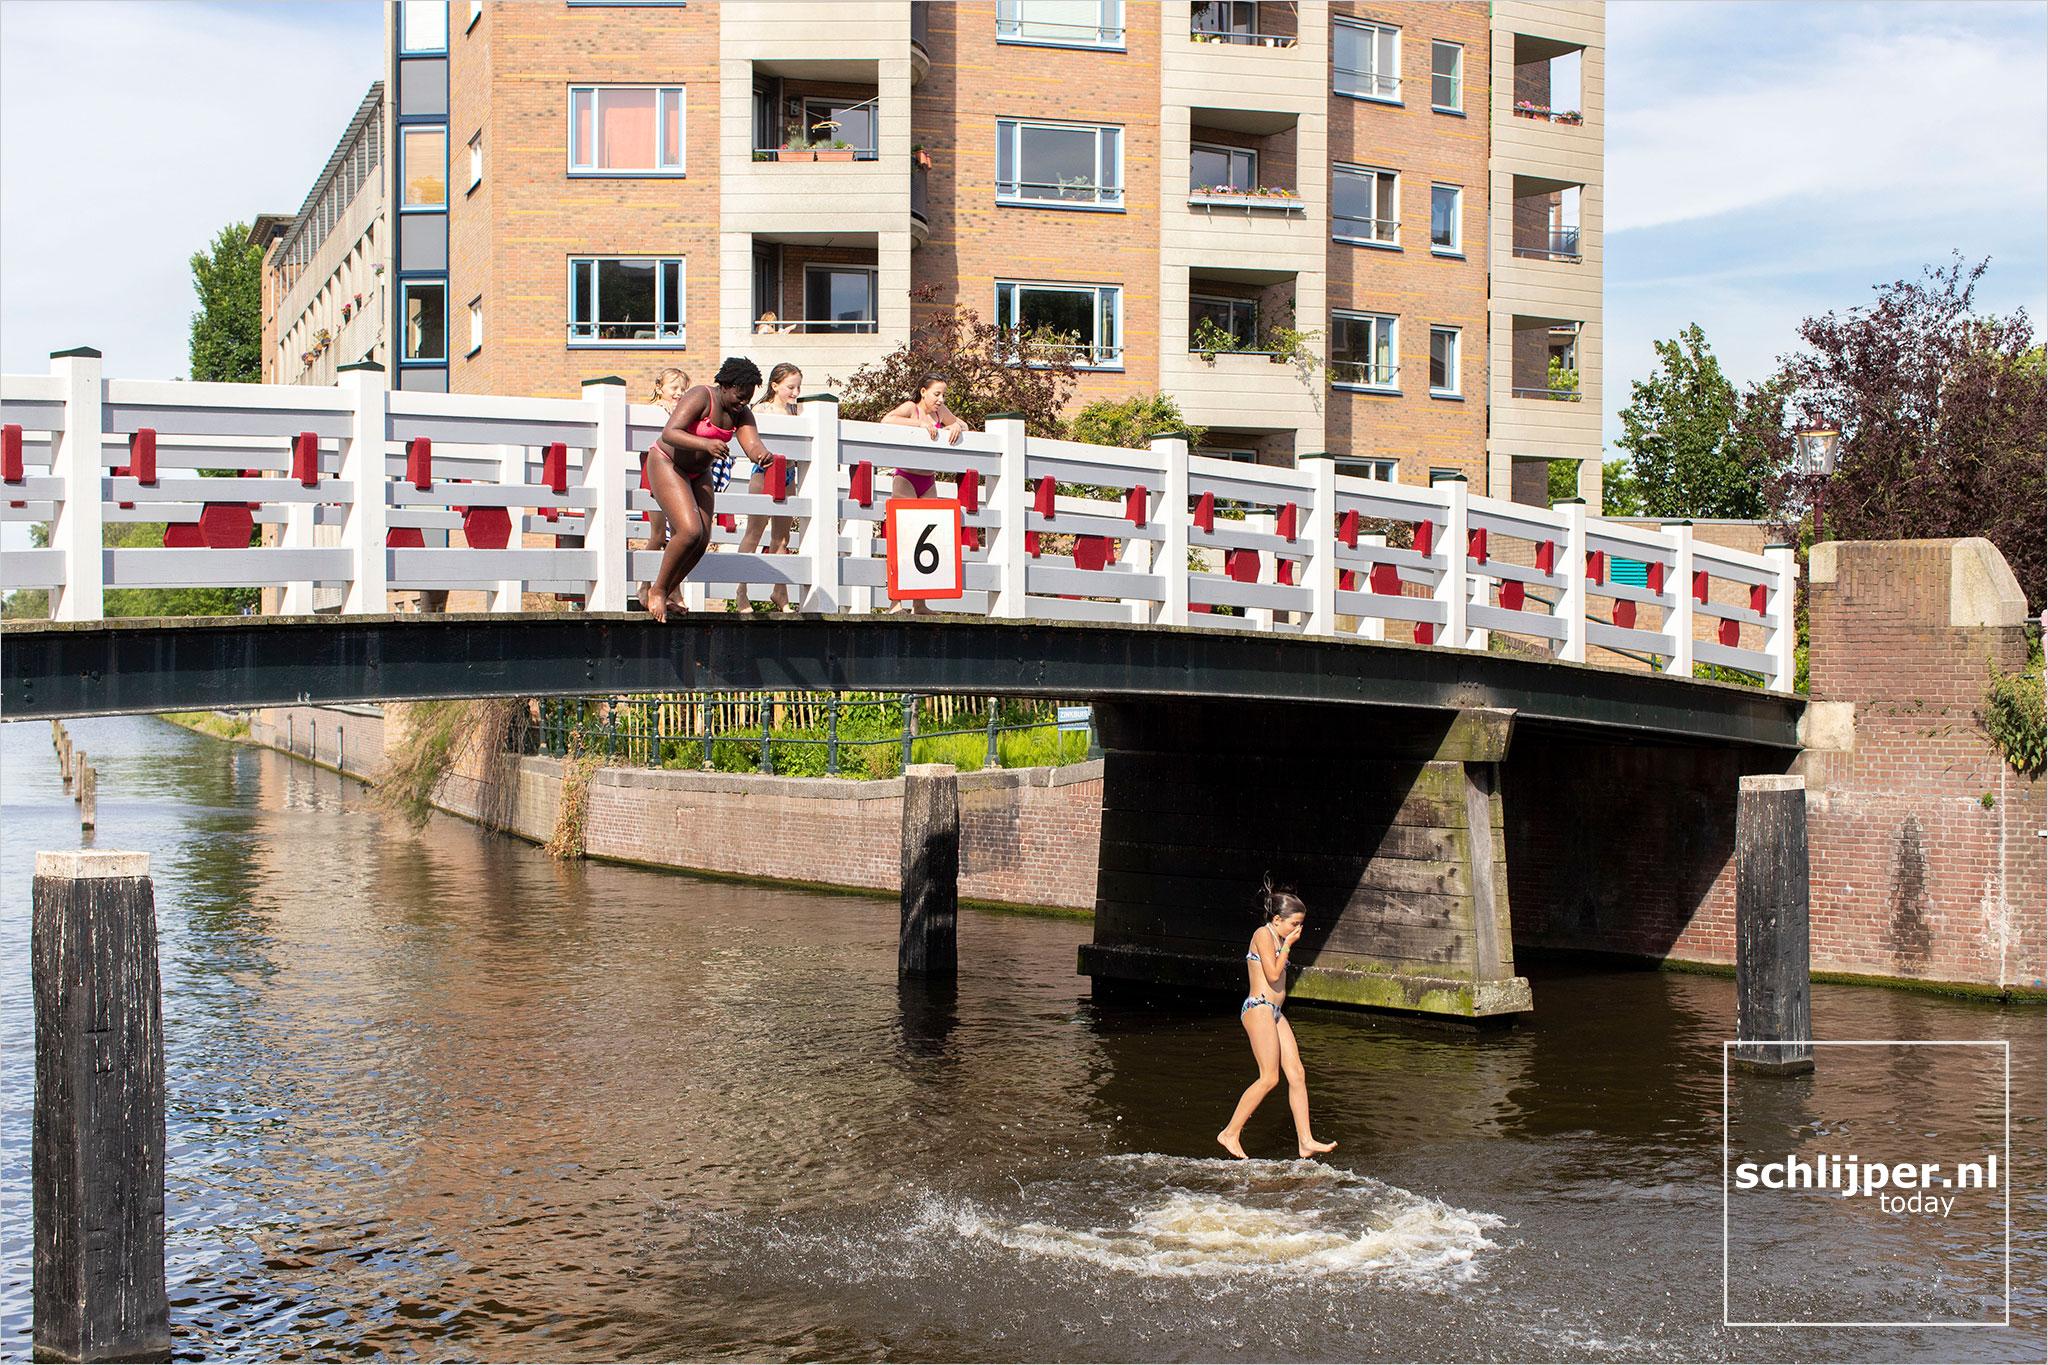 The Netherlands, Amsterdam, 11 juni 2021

-------------------------

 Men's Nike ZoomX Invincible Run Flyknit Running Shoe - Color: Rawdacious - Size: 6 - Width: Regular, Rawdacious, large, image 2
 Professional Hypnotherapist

-------------------------

▶ **Problem statement**
Of the lines above, retype only those from the line containing "Men's Nike ZoomX" through the line containing "Professional Hypnotherapist", including both, exactly.

▶ **Task result**
 Men's Nike ZoomX Invincible Run Flyknit Running Shoe - Color: Rawdacious - Size: 6 - Width: Regular, Rawdacious, large, image 2
 Professional Hypnotherapist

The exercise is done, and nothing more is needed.